After the target webpage is determined, the data user can mark the selected webpage and click the interested data, and after the data user clicks the relevant position of the webpage, the background can automatically record the information of the webpage clicked by the data user, the elements of the clicked webpage and the like.
And step S104, performing data crawling on each target webpage in the plurality of target webpages to obtain data crawling results.
The data crawling process in the embodiment of the present invention may refer to crawling tagged web pages and web page contents to obtain tagged contents, that is, to collect tagged data of a data user, where the tagged contents may be determined by capturing an element code, that is, capturing an element code triggered after each click of the data user, and capturing the tagged contents of the web pages by using the code.
And step S106, acquiring a plurality of label data on each target webpage according to the data crawling result, wherein each label data comprises the occurrence frequency of each element in the target webpage.
Through the steps, a plurality of label data on each webpage can be obtained, and when the label data on each target webpage are obtained, the capture element code can be obtained by using the data crawling result. The embodiment of the invention can lead business personnel to label the target webpage, and can return the labeling result to the data processing personnel after labeling, and the data processing personnel can determine each item of labeled data by capturing element codes and log records. Capturing various elements and element attribute data labeled on each target webpage through capturing element codes to obtain a capturing result; using the capture results, a plurality of annotation data is determined. For the capture element code, it may be the element and element attribute data that captures the webpage being annotated. Optionally, in the present invention, the specifically captured web page is not limited, and then an element of the web page clicked in the web page is also not limited, for example, the element of the web page may be a certain description file in the web page, or a shopping element in the web page, and the like, where attribute data of the element in the embodiment of the present invention may not be specifically limited, for example, if the element captured in the web page is a microblog, then the corresponding element attribute data may include: microblog head portrait, microblog name, personal gender and the like.
In addition, the position of the element of the clicked web page can be acquired by capturing the element code, the position information can be determined, wherein the position information can be represented by web page text or web page URL (uniform resource locator), and the captured position information and the relevant access information are sent to the server, and the target element and the attribute data of the target element are determined by the server. For the relevant access information, may include, but is not limited to: a point in time when the web page is clicked, a duration of a session for accessing the web page, a session ID for accessing the web page, user information (including a user account and/or password) for accessing the web page.
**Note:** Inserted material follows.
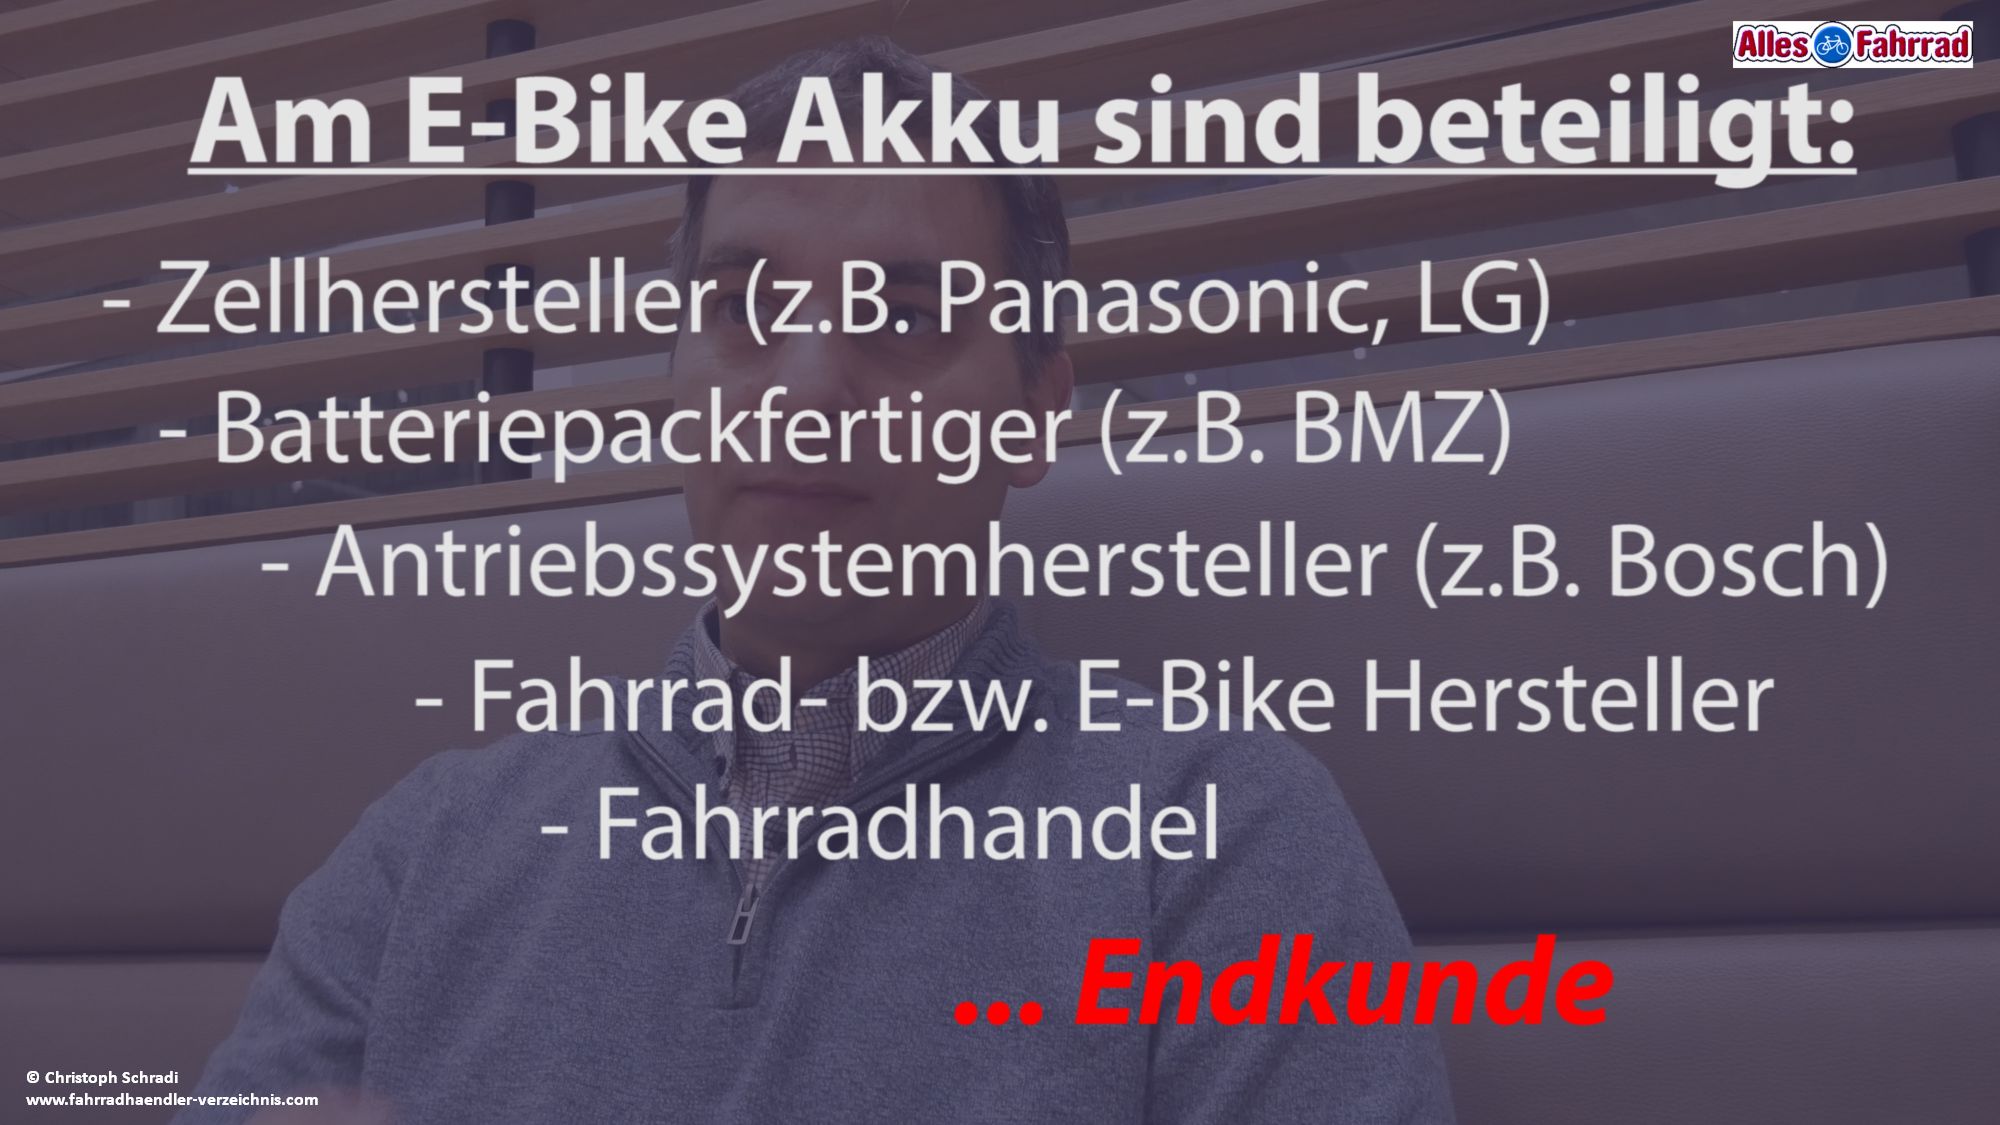 Interview: E-Bike Akkus zu teuer? – Kosten - Standardisierung – Ladeinfrastruktur

The total times of occurrence of each element in different webpages can be counted to obtain corresponding statistical results.
And step S108, determining attribute data of the target elements according to the occurrence frequency of each element in the target webpage.
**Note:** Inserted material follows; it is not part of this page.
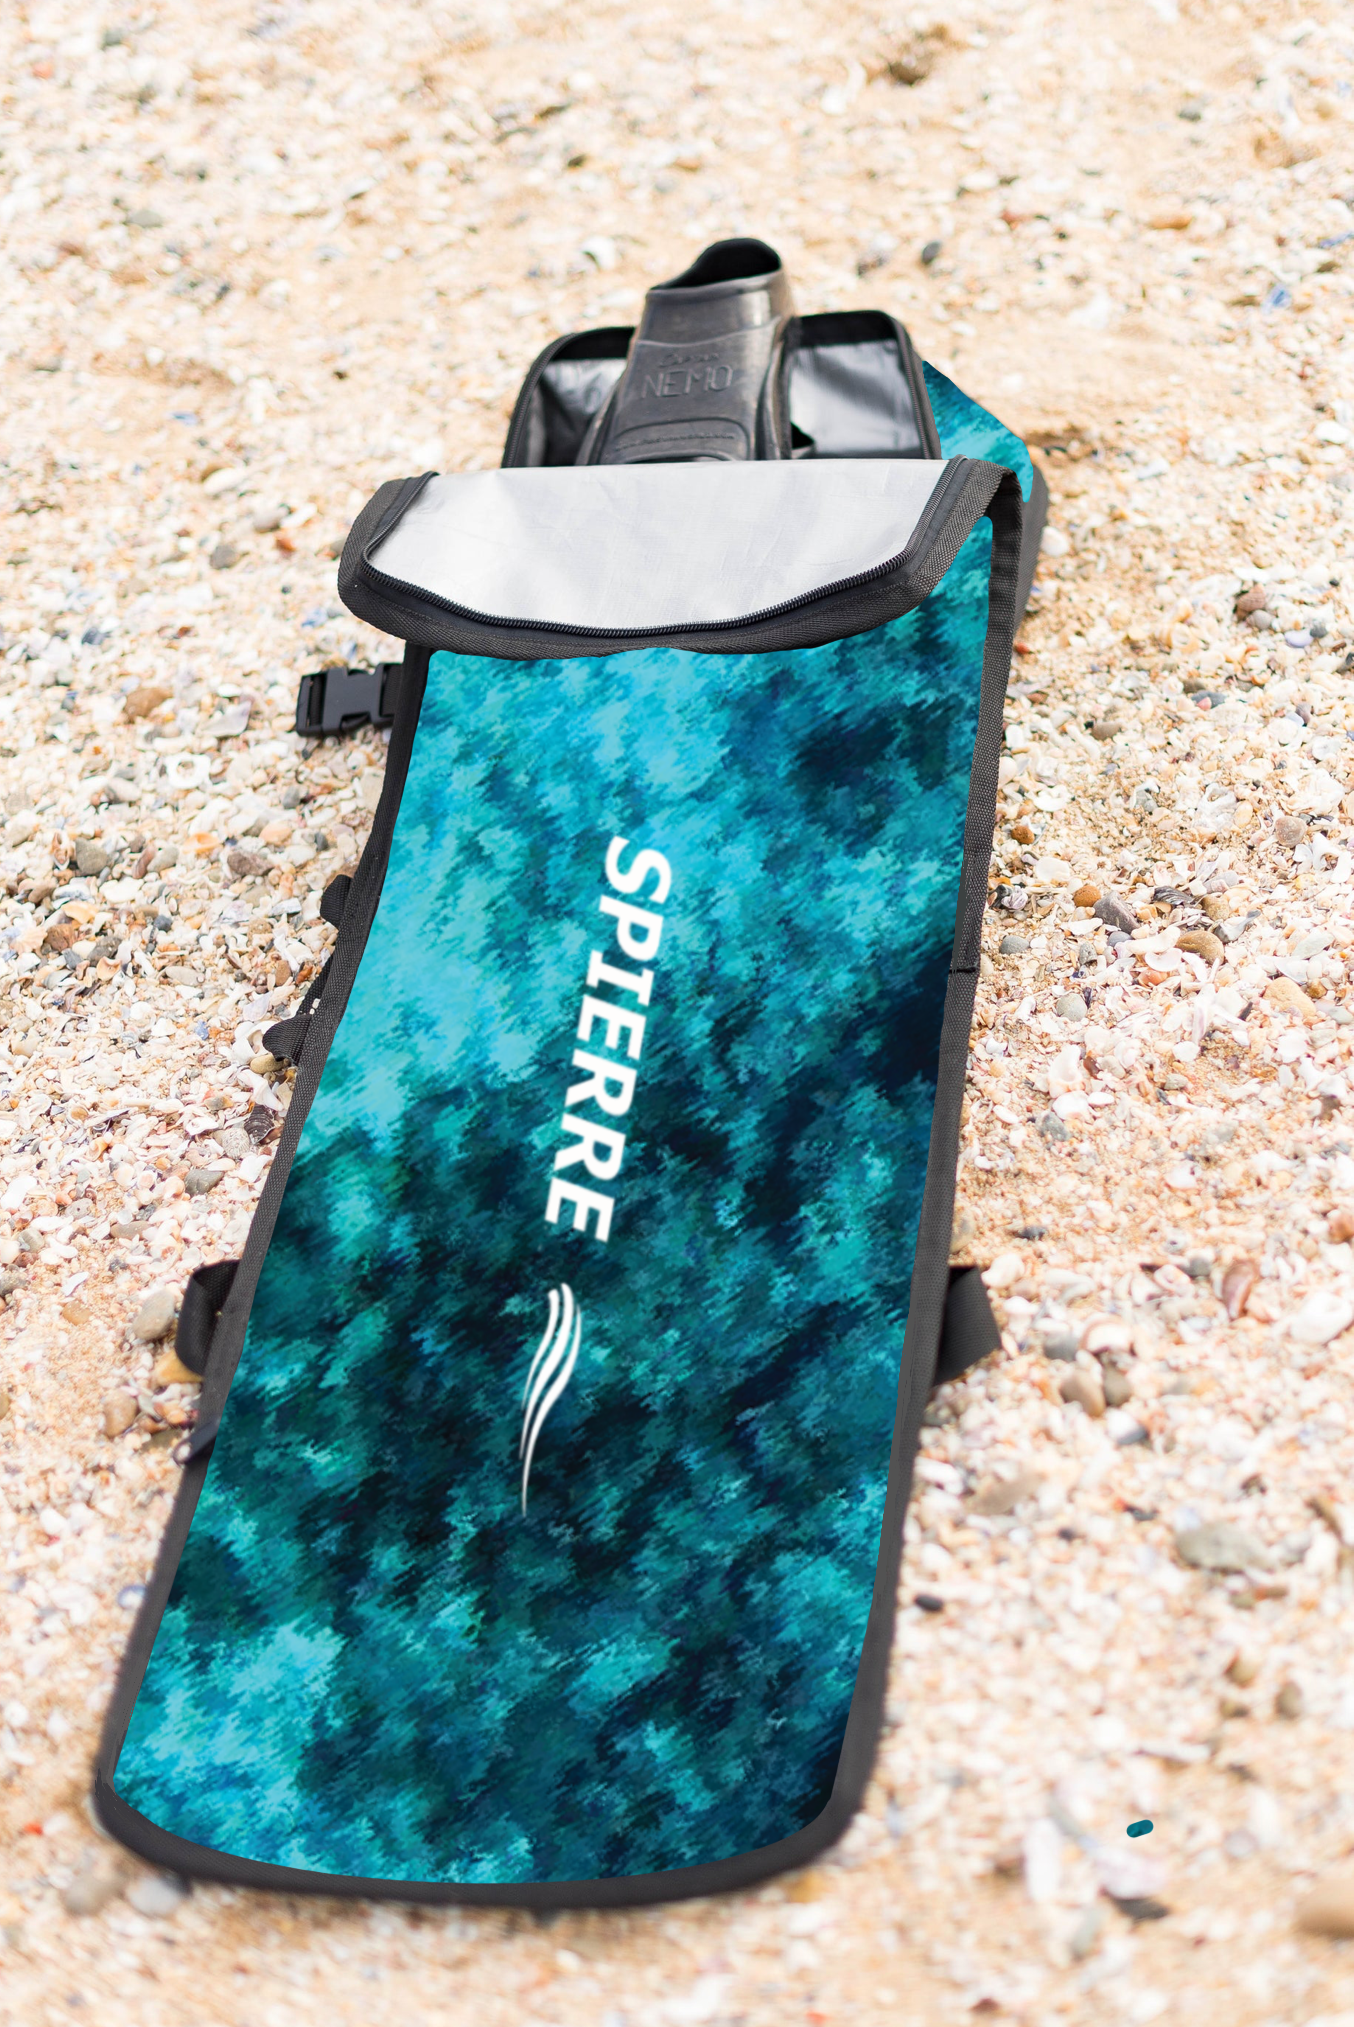 Spierre Padded Travel Fin Bag (Shorter Length) - Blue Ocean Reef Design

By the embodiment, the selected target webpages can be determined firstly, and data crawling is performed on each target webpage, so that a plurality of labeled data on each target webpage are obtained by using data crawling results, the labeled data comprise the occurrence frequency of each element in the target webpage, and the target elements and the attribute data corresponding to the target elements are determined according to the occurrence frequency of each element in the webpage. In other words, in this embodiment, data crawling may be performed on the selected target webpage, information of elements on the webpage may be obtained, attribute data of the target element may be obtained by analyzing contents of each element in the webpage, and data that is expected to be obtained may be obtained without business communication, so as to solve a technical problem in the related art that a deviation of crawled webpage data is large due to a deviation occurring in a communication process.
For the above embodiment, when determining the attribute data of the target element according to the occurrence frequency of each element in the target web page, a statistical result may be obtained by counting the total occurrence frequency of each web page element in the plurality of target web pages; according to the statistical result, determining the target elements with the times of the labeled webpage elements being more than or equal to a preset threshold value; and acquiring a plurality of attributes corresponding to each item mark element according to the target element so as to determine attribute data of the target element. For statistical results, the number of times each target web page is annotated and the number of times each web page element is annotated may be included, but not limited.
That is, when the element information and the element attribute data of the web page are obtained, the target element is determined by the number of times that the element appears in the selection process, and the target element in the invention may be one or more elements. The preset threshold may be determined according to the actual use condition of the user in the use process, for example, the preset threshold may be set to 3 or 5, after the total number of occurrences of the elements exceeds the preset threshold, the target elements may be obtained, and the link information of each target element is collected to obtain the attribute data corresponding to the target elements.
The target element and the element attribute data are determined by counting the frequency of clicking each element of the webpage by the data user, wherein the frequency of occurrence of the elements can be determined according to the number of sessions or the number of users during counting.
When a statistical result is obtained by counting the total times of occurrence of each webpage element in a plurality of target webpages, the total times of occurrence of a webpage access session can be counted, wherein the webpage access session is a session corresponding to each webpage access; filtering out elements of repeated webpages appearing in the webpage access session process to obtain a first filtering result; and determining the total occurrence frequency of each webpage element according to the first filtering result so as to obtain a statistical result.
The above-mentioned web page access session may be to avoid that the personal operation has an excessive influence on the statistical result, so as to count the number of sessions accessing the web page, and the web page access session may be a process from entering the web page to closing the web page in a single access process, for example, a data user sets a web page access session in a process from entering the treasure panning web to closing the treasure panning web. And elements of repeatedly clicking the webpage appear in the webpage access session process are filtered, so that the influence of unimportant webpage elements on the overall statistical result is avoided.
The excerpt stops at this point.